● HOW TO COMPLETE THIS TASK
Apart from the pictures, the listing is to be returned exactly.

● COLLECTED MATERIAL
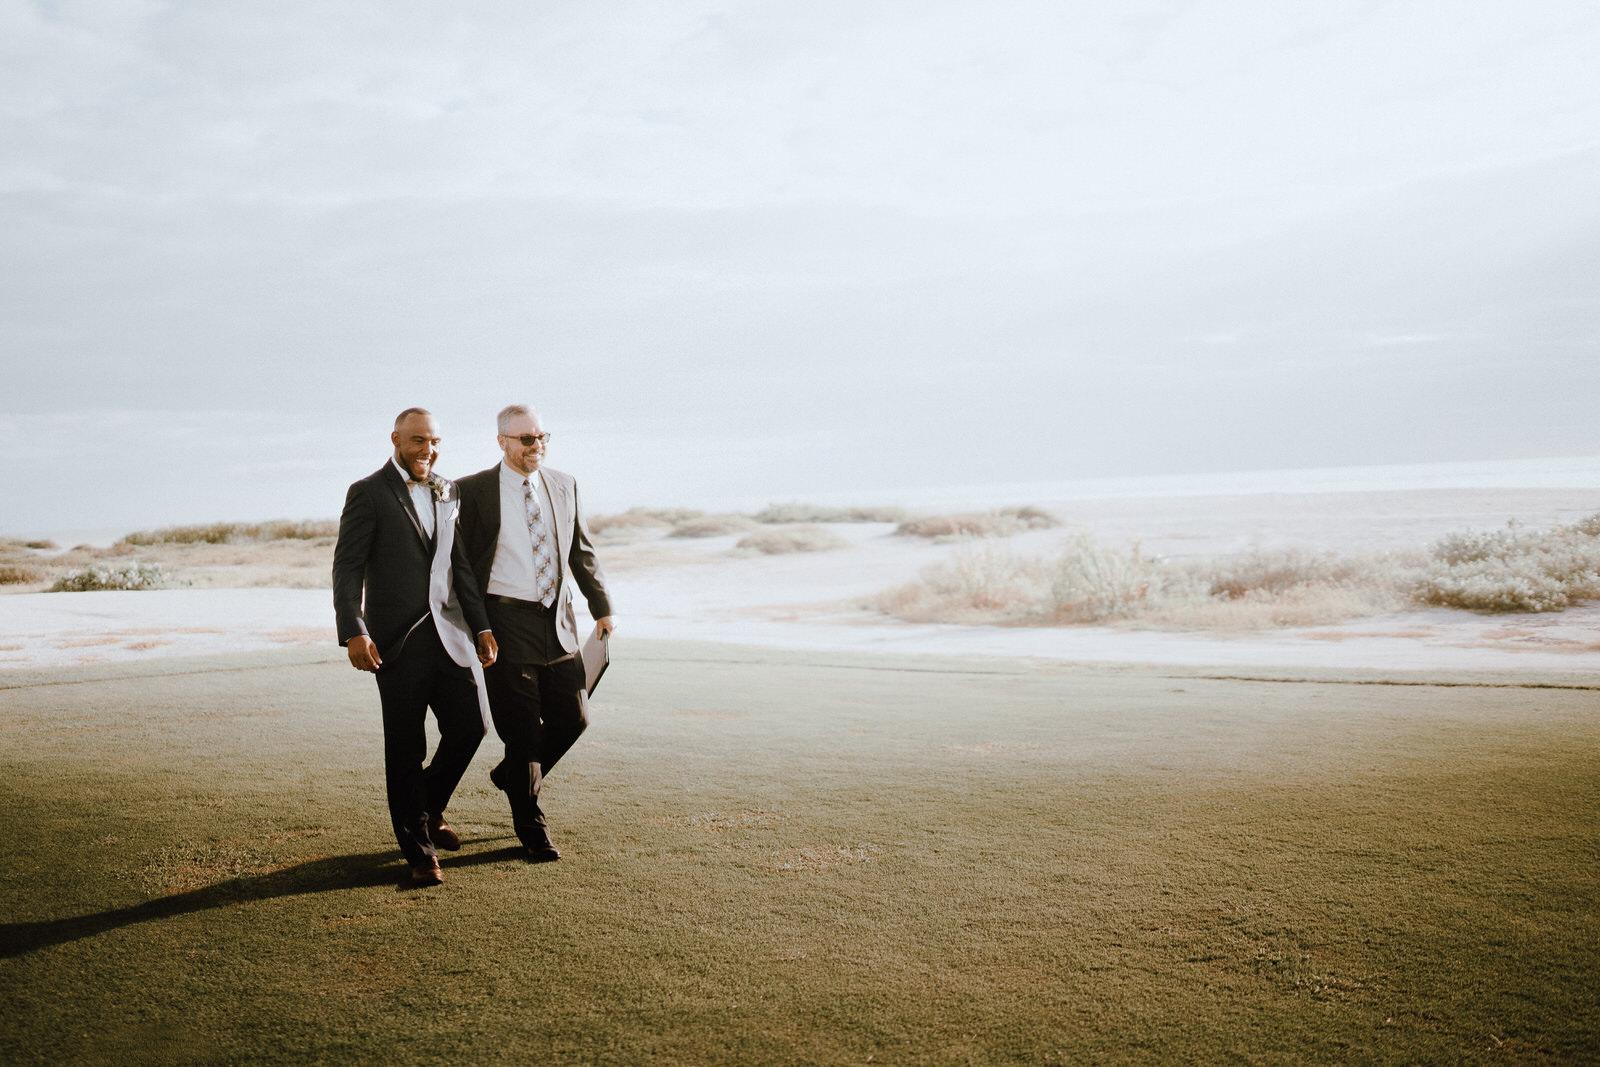 South Seas Island Resort Elopement- Alyana and Shawn- Michelle Gonzalez Photography-418.JPG
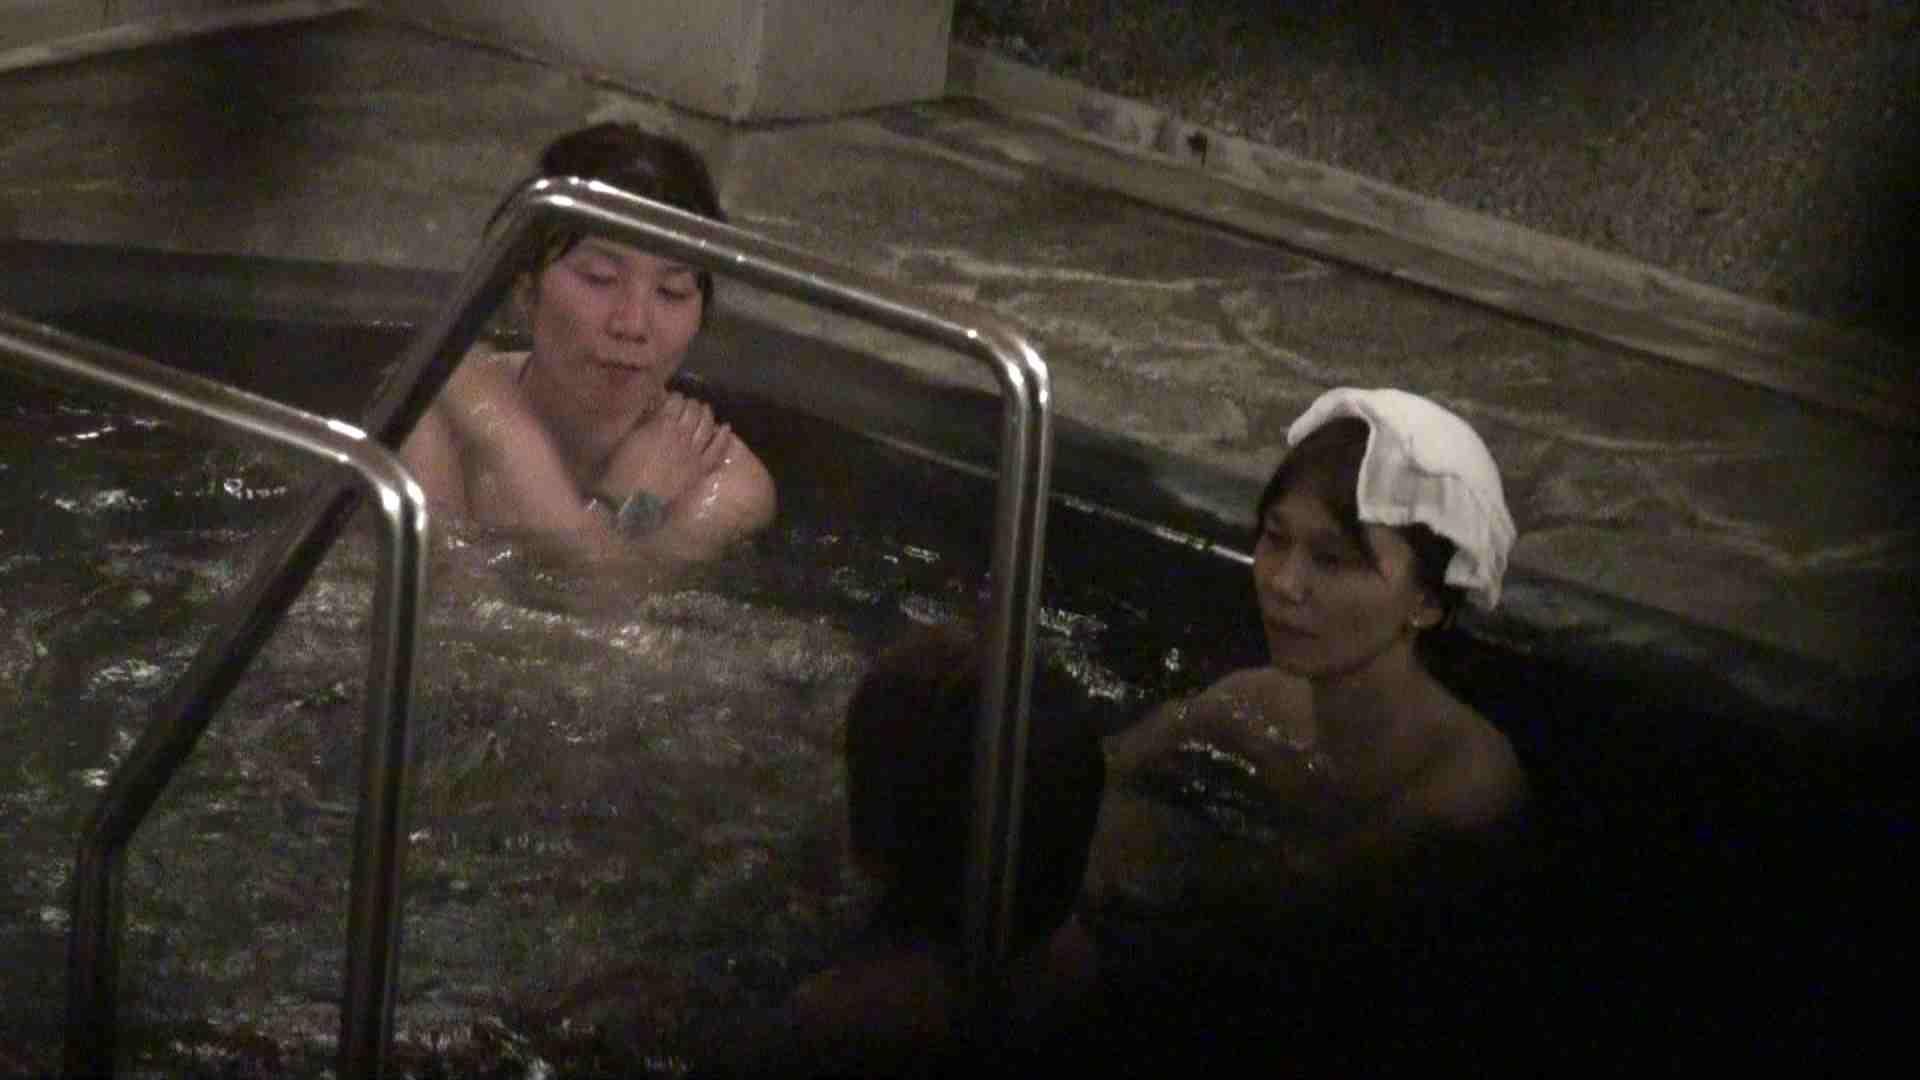 Aquaな露天風呂Vol.419 盗撮 | OLセックス  99画像 40
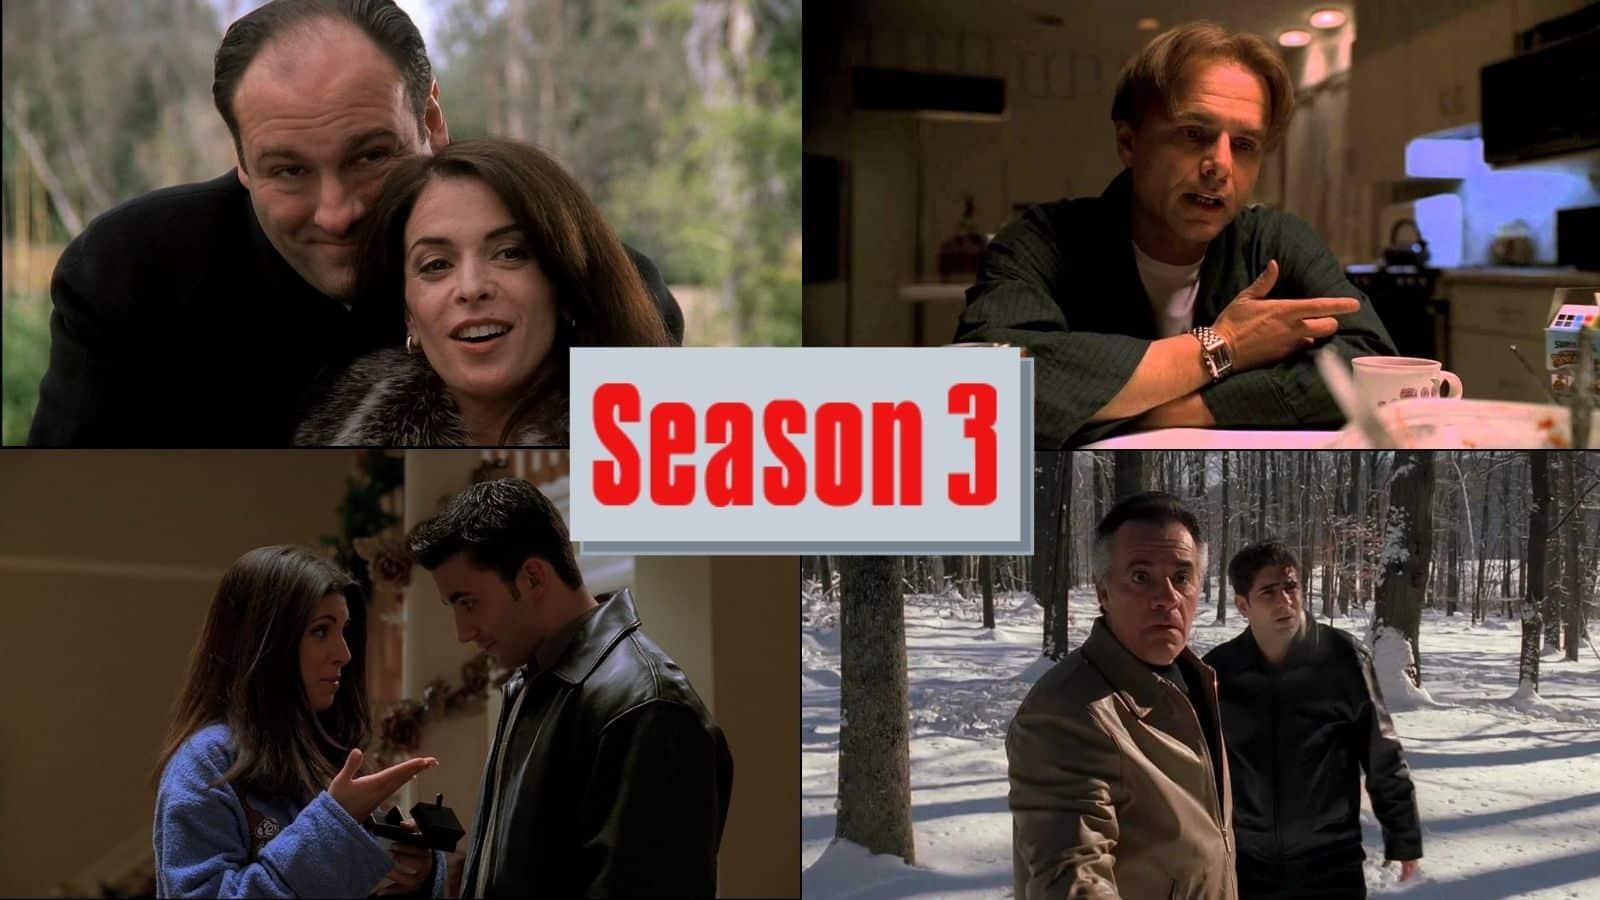 Sopranos season 3 trivia cover image
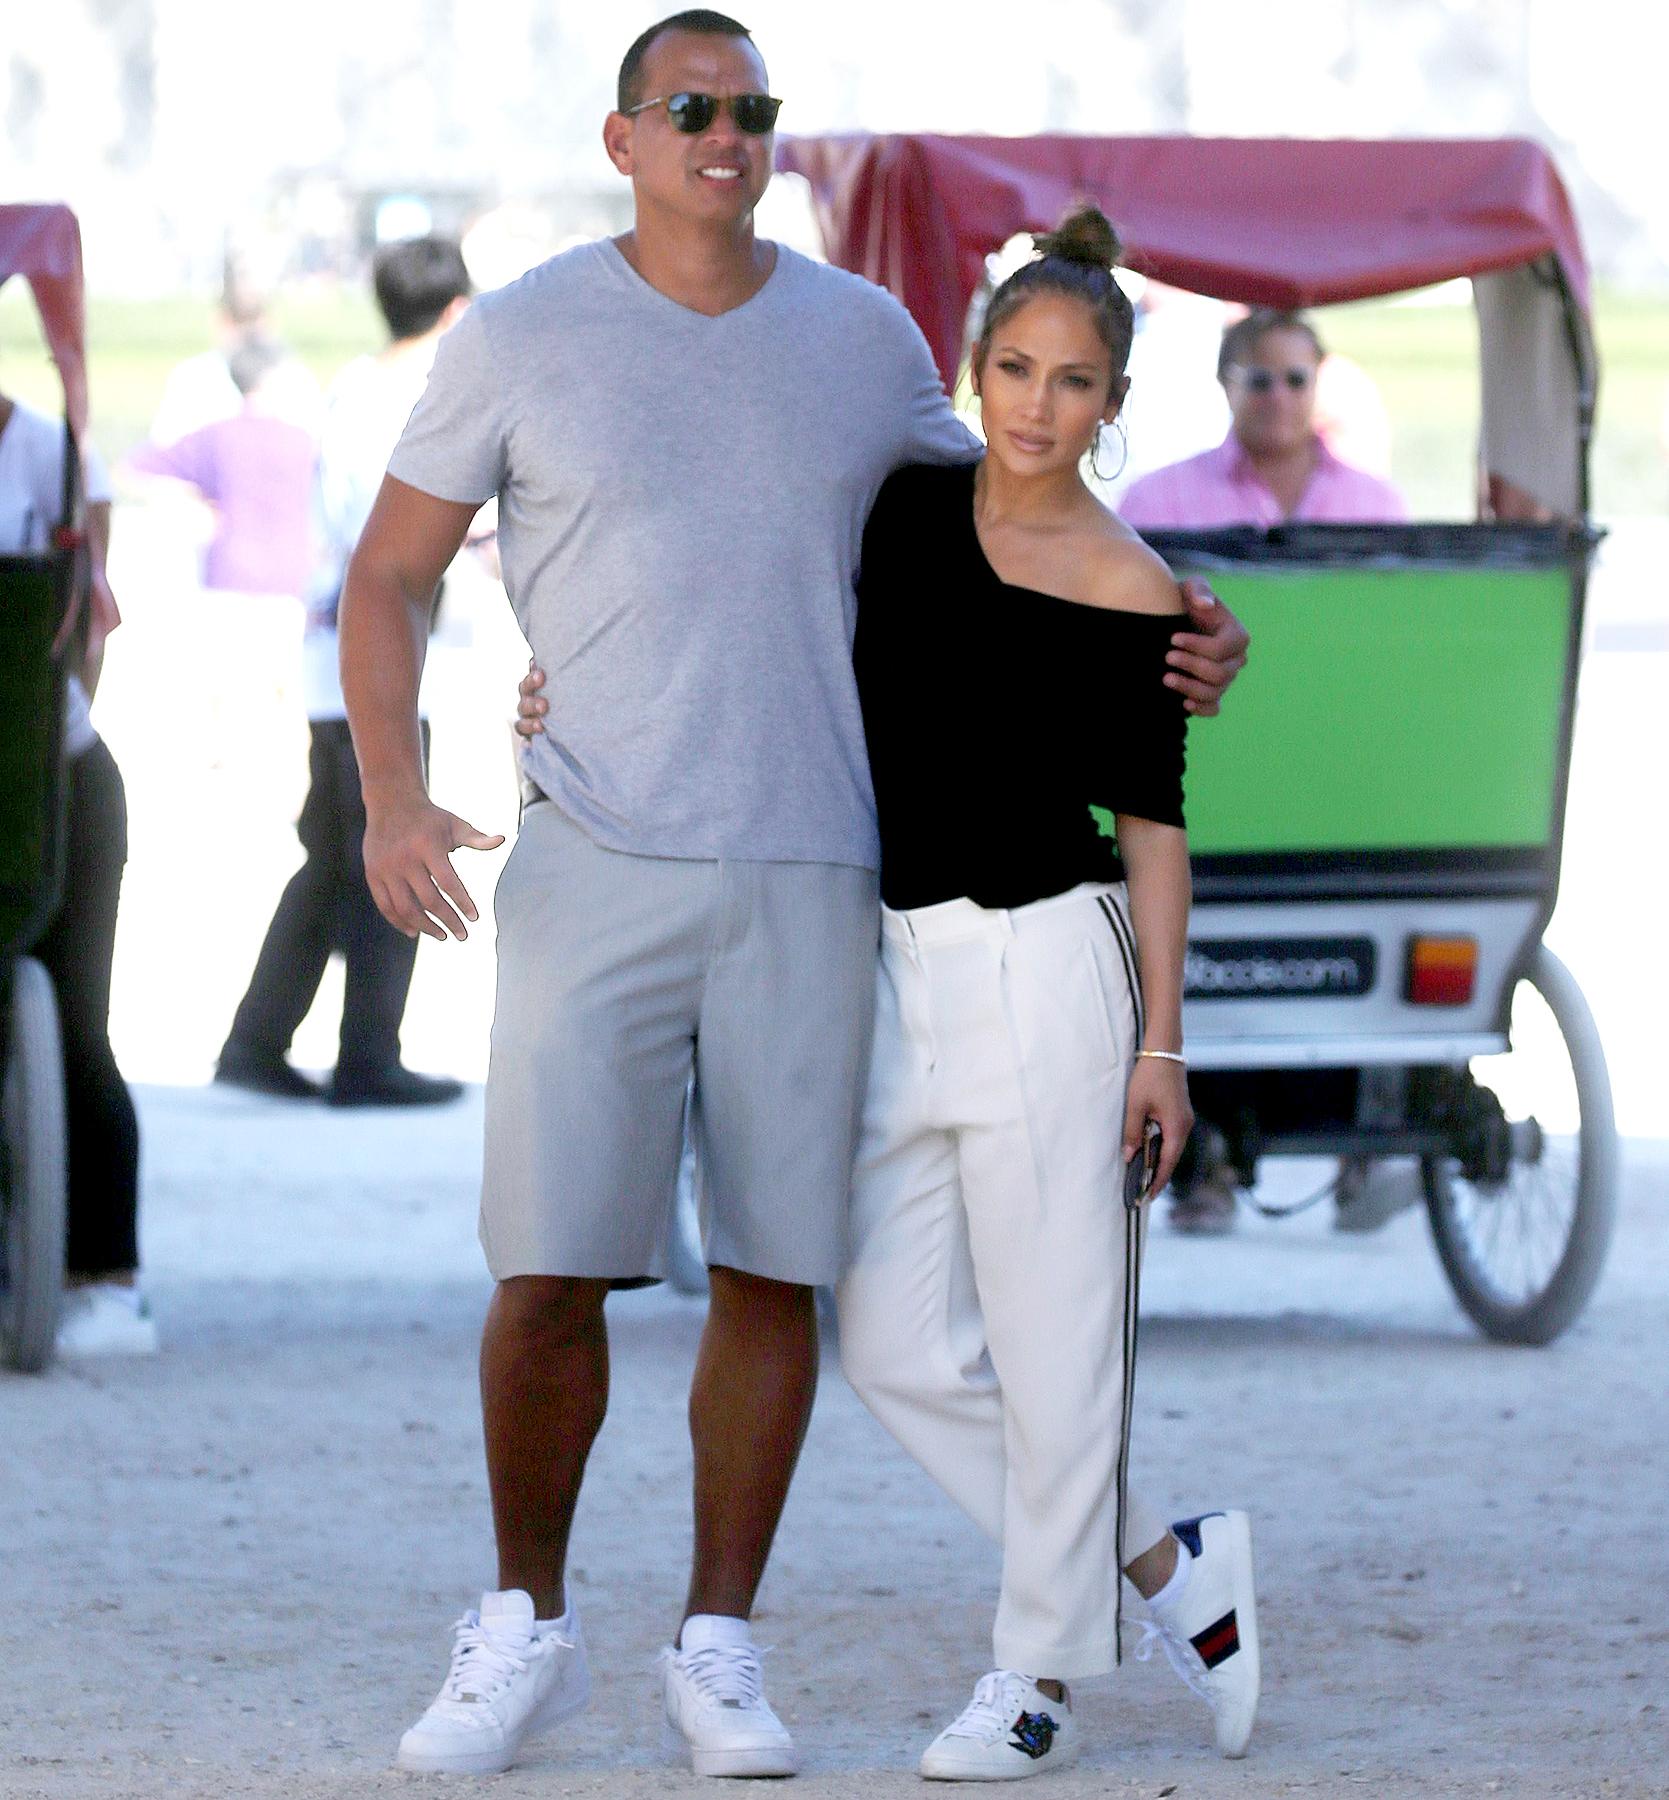 Jennifer Lopez and Alex Rodriguez take a stroll in Paris on June 18, 2017.

● SOLUTION TO THE EXERCISE
 South Seas Island Resort Elopement- Alyana and Shawn- Michelle Gonzalez Photography-418.JPG
 Aquaな露天風呂Vol.419 盗撮 | OLセックス  99画像 40
 Sopranos season 3 trivia cover image
 Jennifer Lopez and Alex Rodriguez take a stroll in Paris on June 18, 2017.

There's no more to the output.